Where did you get that number?


----------



## ExBat (Nov 24, 2015)

EVHB said:


> At first glance, I would say no.
> Where did you get that number?


It's slightly less than my current salary in London, that's where the number comes from.  If I include my bonus, it's actually $156k, against today's exchange rate. I want to know if I can continue earning that or more.


----------



## EVHB (Feb 11, 2008)

Using an exchange rate is never a good idea. At one point during our immigration process, I would have gotten 30% higher wage than at another point,,, That's not how it works.


----------



## Auld Yin (Mar 10, 2009)

I would say your salary expectation is optimistic to say the least.
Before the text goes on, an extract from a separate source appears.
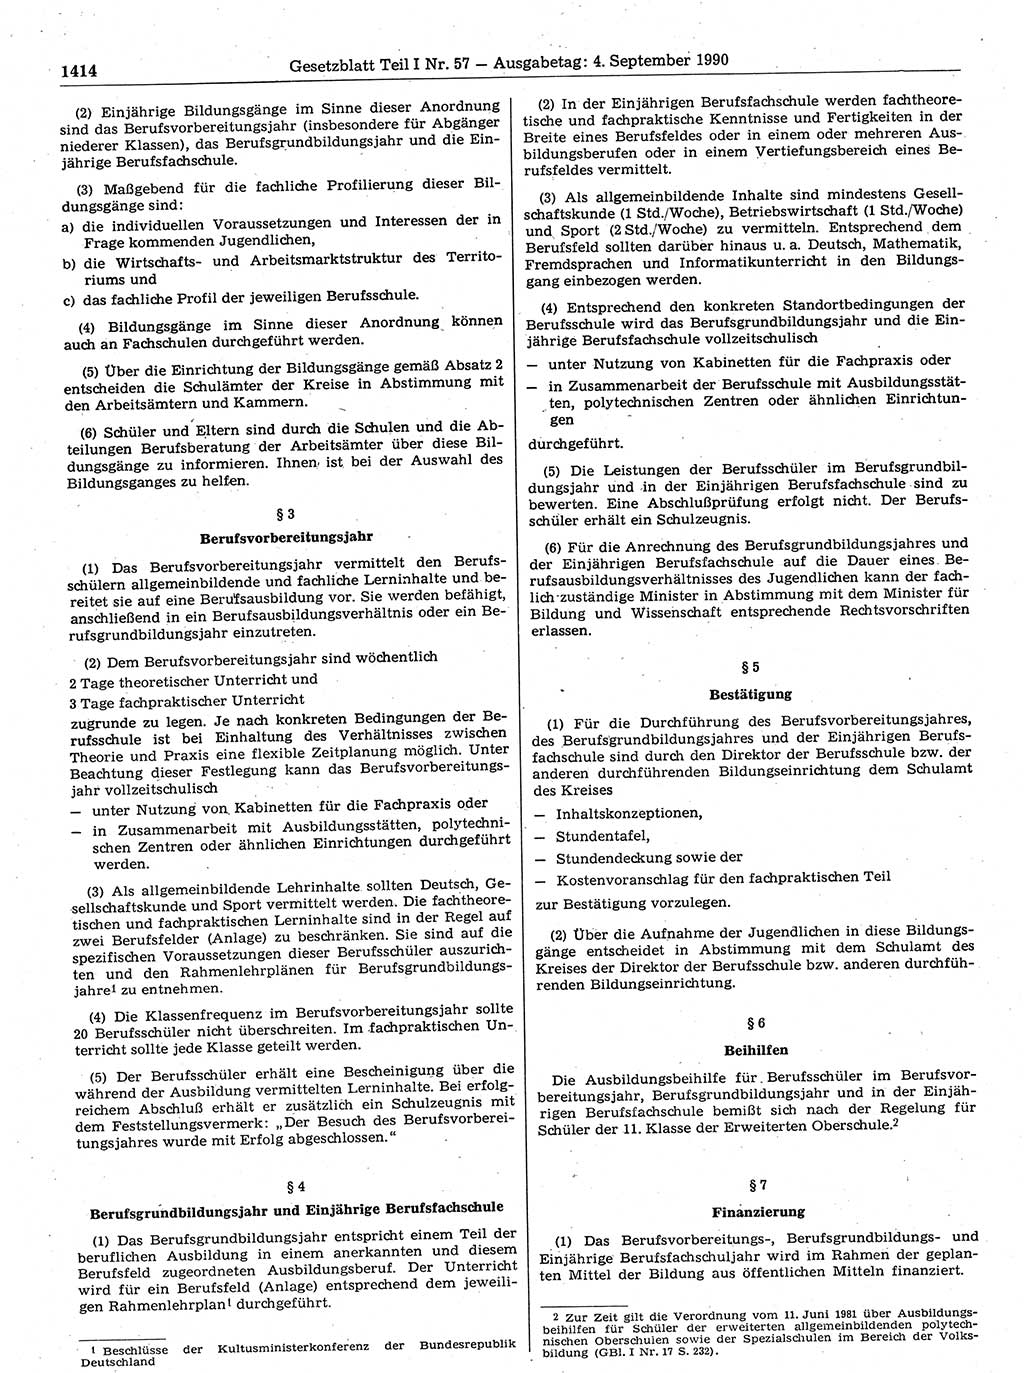 Gesetzblatt (GBl.) der Deutschen Demokratischen Republik (DDR) Teil Ⅰ 1990, Seite 1414 (GBl. DDR Ⅰ 1990, S. 1414)

London salaries are high to satisfy the high cost of housing, commuting times and costa, to say nothing of the fact many people would not countenance moving there
Toronto's COL is also high but not, I believe, anything close to London.


----------



## colchar (Oct 25, 2011)

ExBat said:


> Anyone in this field? I've seen a few topics on this subject (for this role), but nothing conclusive.
> 
> I'd like to know if a salary of approximately $140k is achievable for a Web Developer (~10 years dev, 5 years Lead Web Dev/FE Architect) in Toronto?




$140k for a web developer? No chance.


----------



## ExBat (Nov 24, 2015)

According to indeed.ca, the salaries for software architect go up to $190k: https://ca.indeed.com/salaries/Software-Architect-Salaries

I've compared the cost of living in London vs Toronto and see that Toronto is 26% cheaper in living cost, this would bring my salary down to: $116,180 to live at the same standard.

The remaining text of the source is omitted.